The fact that even with that restriction China jumped from fifth in our list of export customers to second last year has given exporters just a taste of what might be available with full access. Tapping it, however, is far from a sure thing.
There is no doubt that the appetite for beef is rising among China’s exploding middle class. According to Rabobank, China’s beef imports jumped 60 per cent in 2015 after the government launched a crackdown of quasi-legal gray market meat imports. Obviously Canada enjoyed some of that growth, but Brazil, Argentina and New Zealand took up the lion’s share of the new business.
The Australians are also well established in China but their shipments have been tailing off of late with the sharp decline in their cattle population. Meat and Livestock Australia says their national beef herd is expected to fall over the next two years to levels not seen in more than 20 years.

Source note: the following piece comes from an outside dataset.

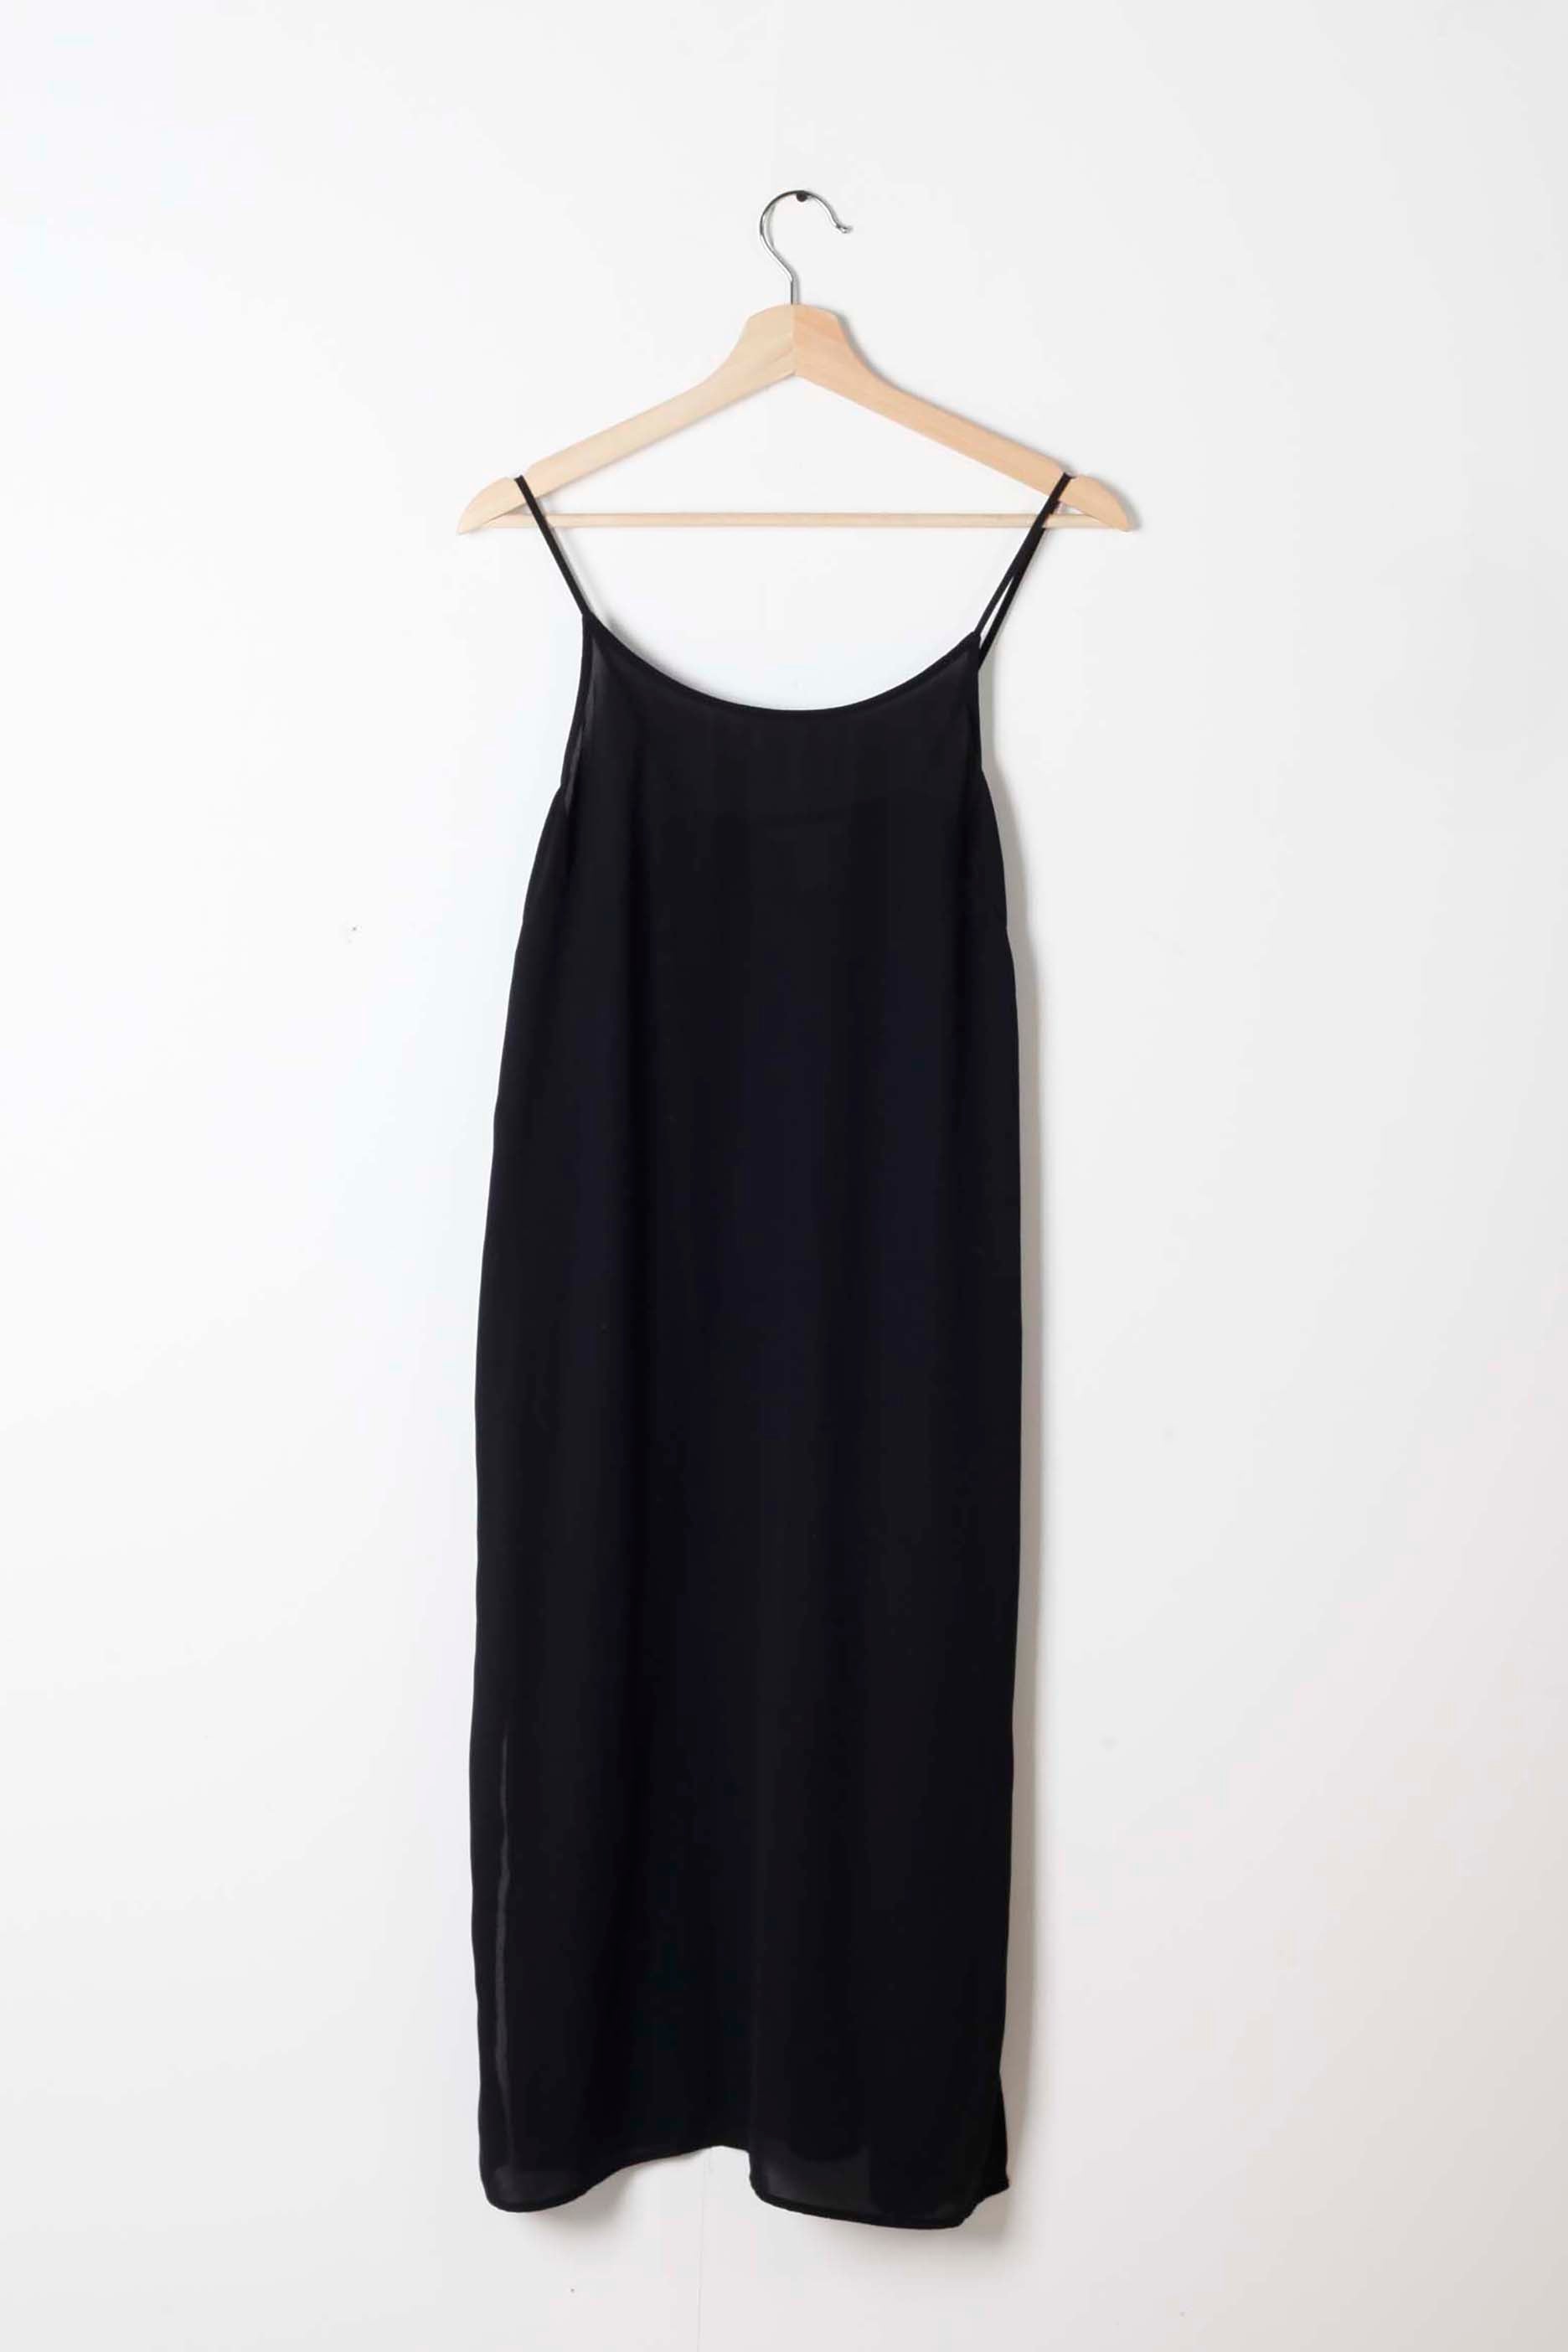 Black Midi Slip Dress (Eu38)

Another factor is China’s ban on U.S. beef which was expected to disappear by this summer. Perhaps that, like many other U.S. trade matters, may have to wait until the next president is elected.

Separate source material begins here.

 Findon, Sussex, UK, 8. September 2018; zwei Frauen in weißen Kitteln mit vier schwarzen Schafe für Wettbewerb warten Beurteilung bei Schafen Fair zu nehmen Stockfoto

Not all of the competition will come from fellow exporters, however. The Chinese government is encouraging growth in domestic beef production to satisfy the middle-class demand for higher quality meat products.
University of Saskatchewan nutritionist John McKinnon got a taste of what is happening there this summer and he writes about it his nutrition column in the August 2016 issue of Canadian Cattlemen.
One company he visited in western China, partly owned by government, runs 21 farms housing collectively 40,000 dairy cows, 5,000 beef cows and 5,000 ewes. An expansion is planned for the primarily Angus-based beef herd that has been built with Australian seed stock.
What was fascinating to McKinnon was their very intensive style of management for the beef herd. In an area that reminded him of Western Canada, the beef cattle are housed indoors, with separate barns for different classes of cattle.
A second operation in a more temperate region of eastern China runs a smaller 200-head cow herd and a 1,500-head indoor feeding operation. Market-ready cattle are sold to the Hong Kong market. The calves are sold at four months of age, and the feeder cattle are purchased.
Another 800-head barn was under construction when McKinnon visited this farm where even corn silage bunkers are housed under roof.
At first blush this doesn’t seem like a very economical system but McKinnon says the high infrastructure costs are offset in part by cheap labour. The other X factor, of course, is the Chinese government’s desire to expand their domestic industry.
Whatever the difficulties involved, greater access to China is a worthy goal for the industry. If nothing else it may inject some needed confidence in the minds of producers.
As Charlie Gracey points out in our August 2016 issue, the Canadian industry appears to be stalled, as if producers are waiting for some sign that it is time to start increasing the national herd.
As of now we won’t see any major increase in production, besides larger carcass weights, until 2020.
Unlocking more of China to Canadian beef won’t turn that scenario around but right now we can use all the good news we can get.